The whole time that she was tending to food, Jones’s crew were spreading out all the gear that they had brought with them, and everything that they had scavenged from the plane and from the mining camp, and making decisions about what to take and how to pack it. Guns and ammunition seemed to get first priority, followed by warm clothing and blankets. Blue tarps and ropes were deemed of inestimable value; perhaps they’d be camping? They seemed to have a passion for shovels, a detail that she could not help but interpret in the most morbid way possible.

 

The truck was a crew cab model, meaning that it had a second row of seats. They put Zula in the back, sandwiched between Sharif on her left and Mahir on her right. She felt strangely awkward coming between them, as if committing a social faux pas. But perhaps Jones was fed up with their clinginess and wanted them apart. Ershut rode shotgun and Abdul-Wahaab was squeezed into the middle of the front seat. Jones drove. Zula couldn’t help but think that they would be just a little conspicuous rumbling around British Columbia in this contraption with that particular lineup of faces glaring out the windshield.

 

But that wouldn’t even be an issue until they actually made it down to a road; and this did not look like it was happening any time soon. During whatever escapades that he and Abdul-Wahaab had enjoyed yesterday, Jones had learned how to drive the thing and had satisfied himself that if he shifted it into a sufficiently low gear (and this truck had some extremely low gears), it would go anywhere. Once the truck was packed, they headed up the valley, avoiding its sloped walls and sticking to its bottom, which was flat, but sinuous and multiforked. Jones seemed to be playing a connect-the-dots game on the map. Every few hundred meters was a cleared area, and these were strung together by a road. Or at least by a lane that had been bulldozed through the trees. The road and the cleared sites were marked on a survey map, which Abdul-Wahaab had spread out on his lap, the better for Jones to follow it. Zula caught glimpses of it during their frequent and voluble disputes as to its interpretation.

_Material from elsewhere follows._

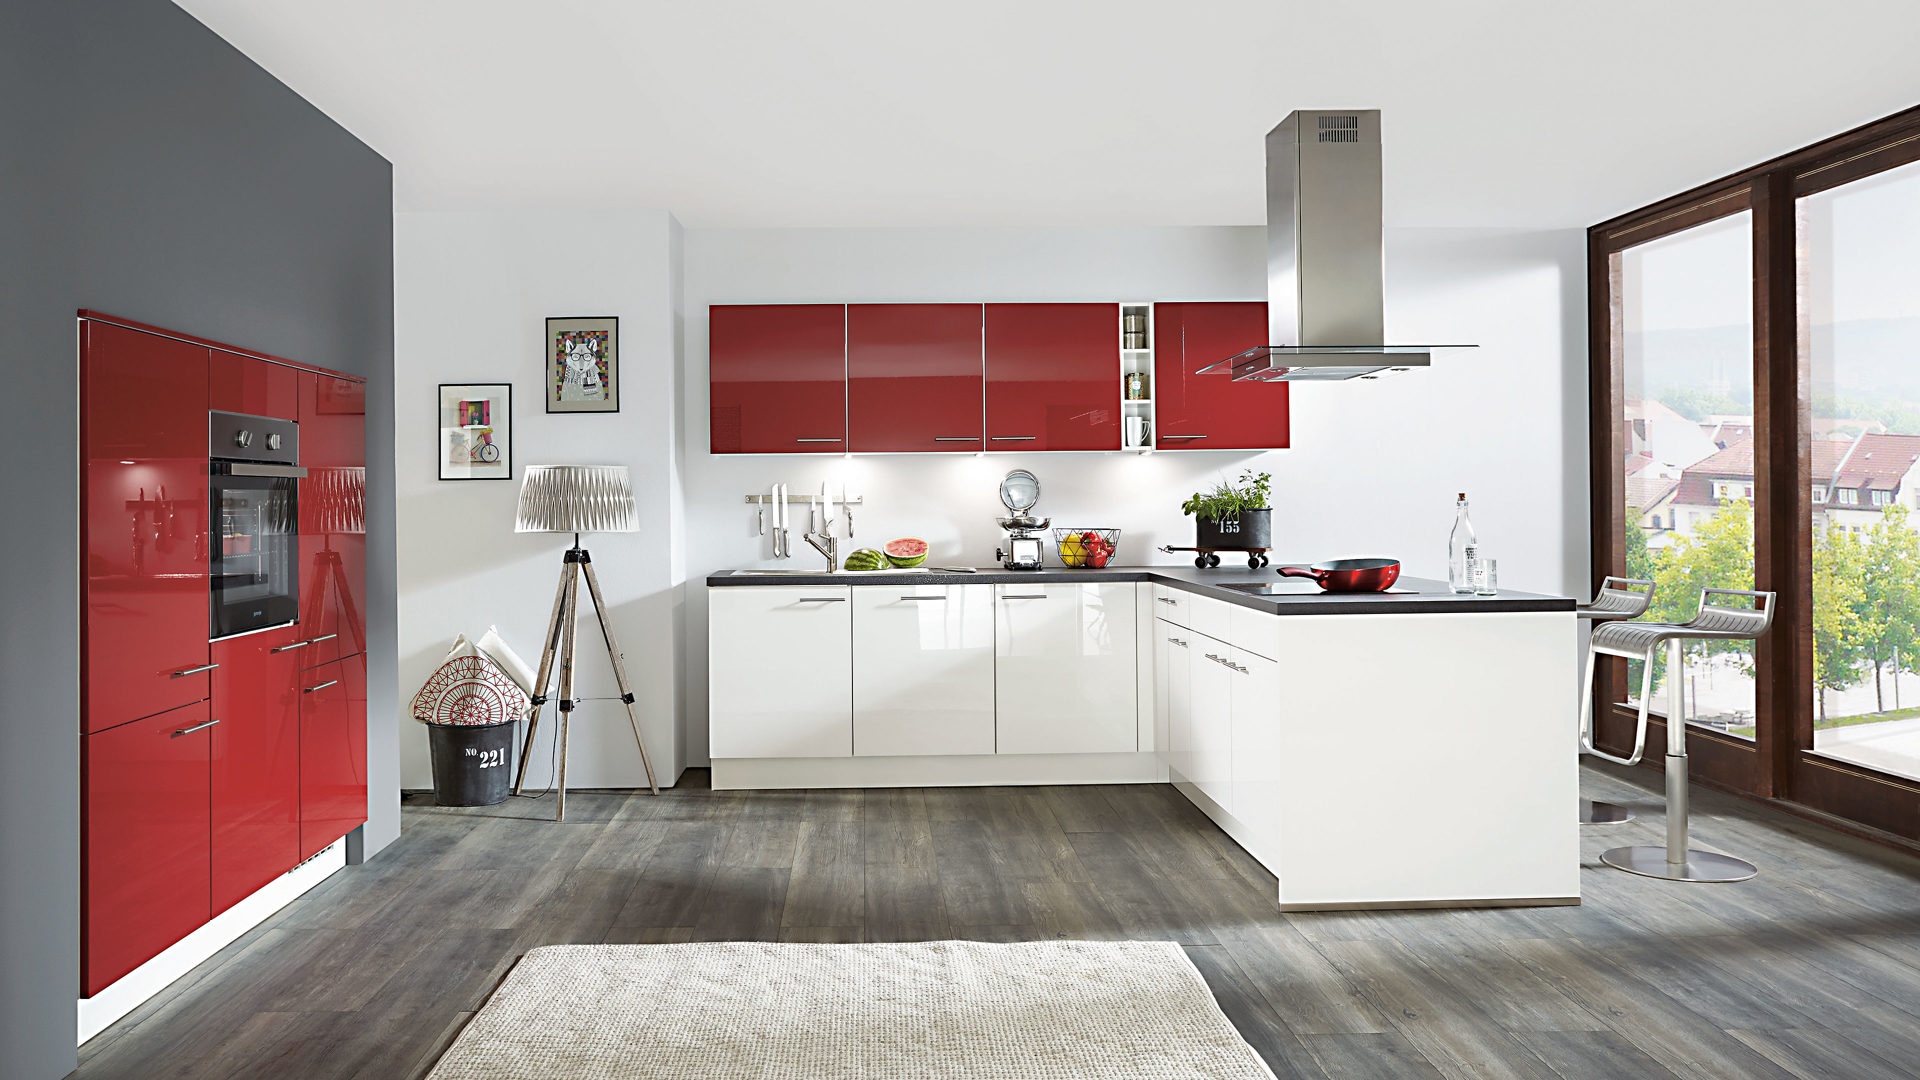 Möbel Boer Coesfeld Räume Küche Einbaugeräte Autarkes Aeg M?bel Boer ...
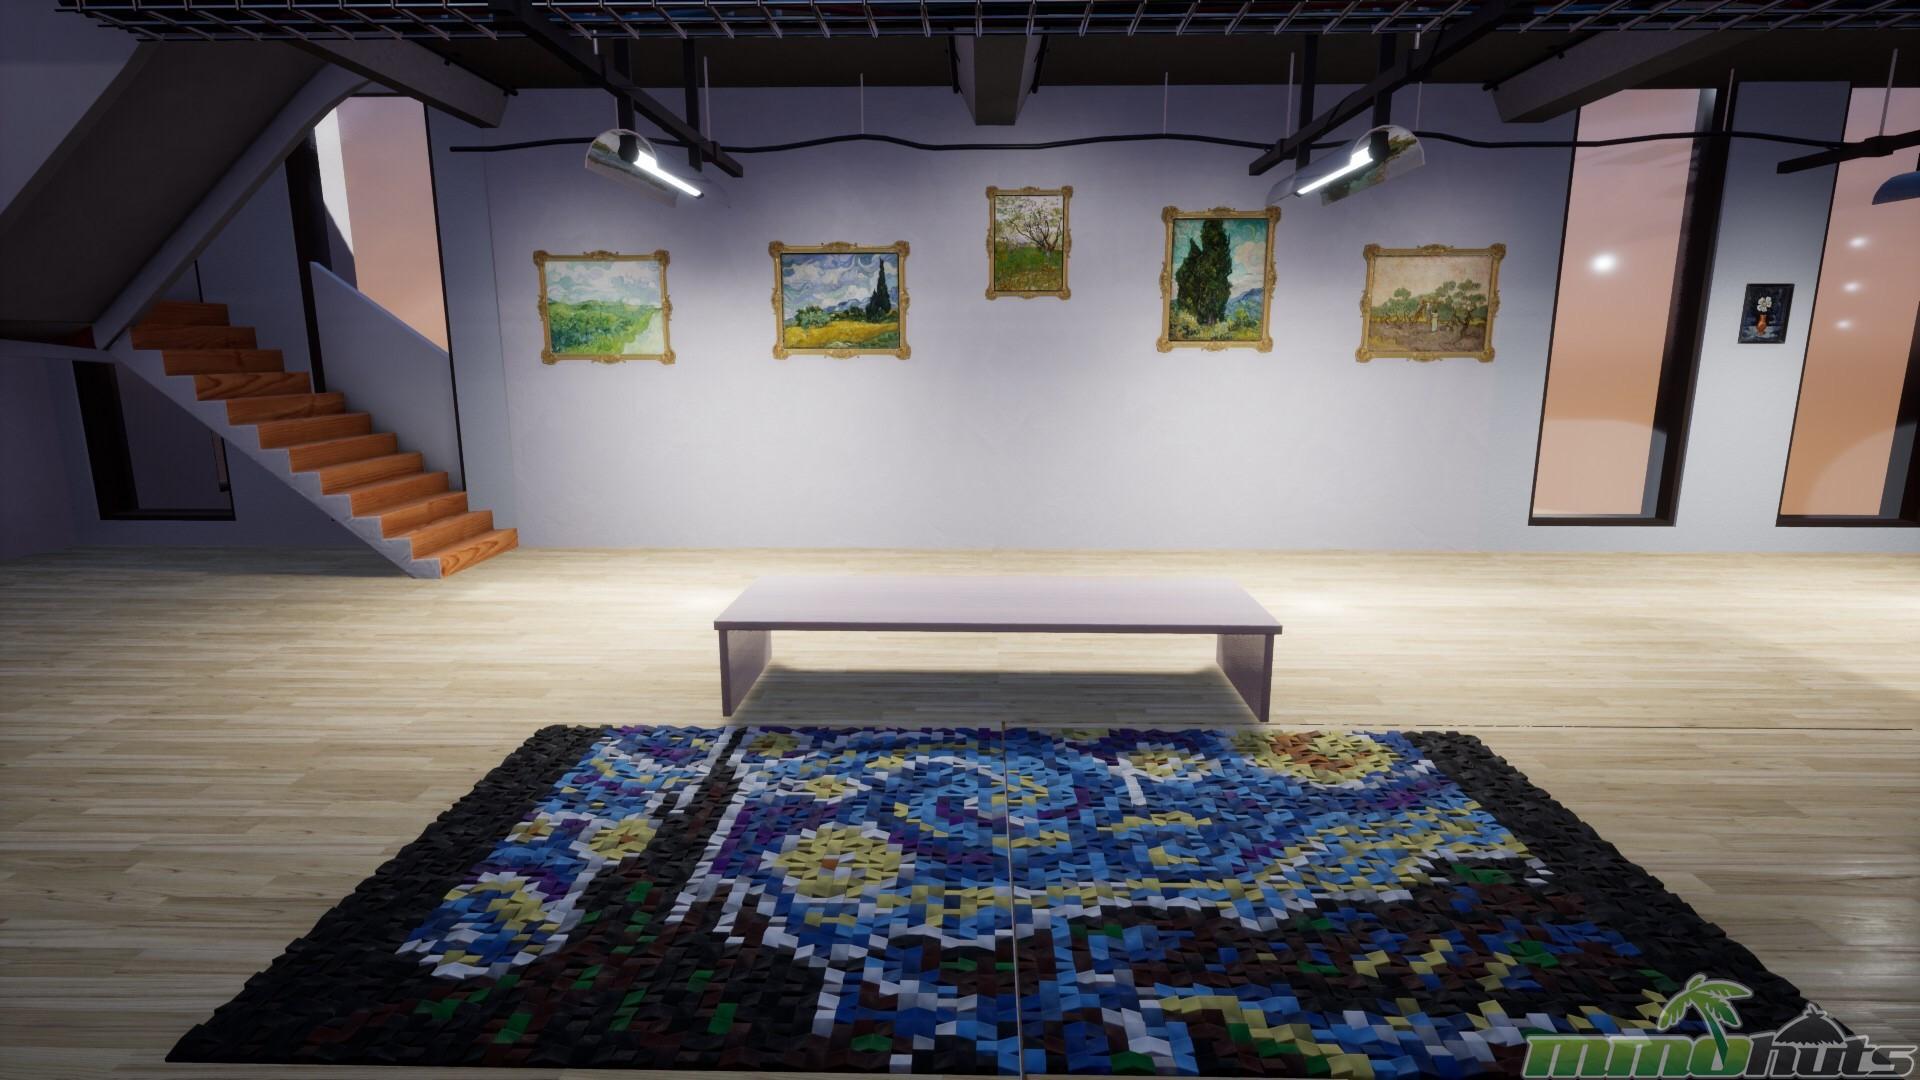 Tile Mosaic recreation of Van Gogh's painting Starry Night

At one point Jones pointed out the windshield into the sky and glared expectantly into the face of Abdul-Wahaab, and Zula understood that he was pointing out the location of the sun, as a trump card.

 

They fetched up parallel to a mountain stream, mostly buried under ice with snow on it. In some places it was open to the sky, and there it was possible to see that it was running broad and shallow, easily fordable by the truck. They rumbled and juddered across it, crept up its bank for half a mile, then struck out in what seemed to Zula like a random direction, plowing directly into the woods and attacking a steep uphill slope as a way of getting out of this valley. Tree branches were pushed out of the way by the windshield, bending back until they either snapped off or else whipped in through the open driver’s-side window where Jones had to beat them back with his left arm. She wondered why he would not simply roll up the window until she noticed little blue cubes of safety glass that had been sprayed all over the cab, and understood that the glass had been shattered. It seemed obvious enough that this must have happened when they were stealing the truck yesterday. She hoped that they had merely punched out the window so that they could get in and hot-wire it. Then she noted a key chain dangling from its ignition. They must have stolen it from a person who had been driving it. They must have killed that person.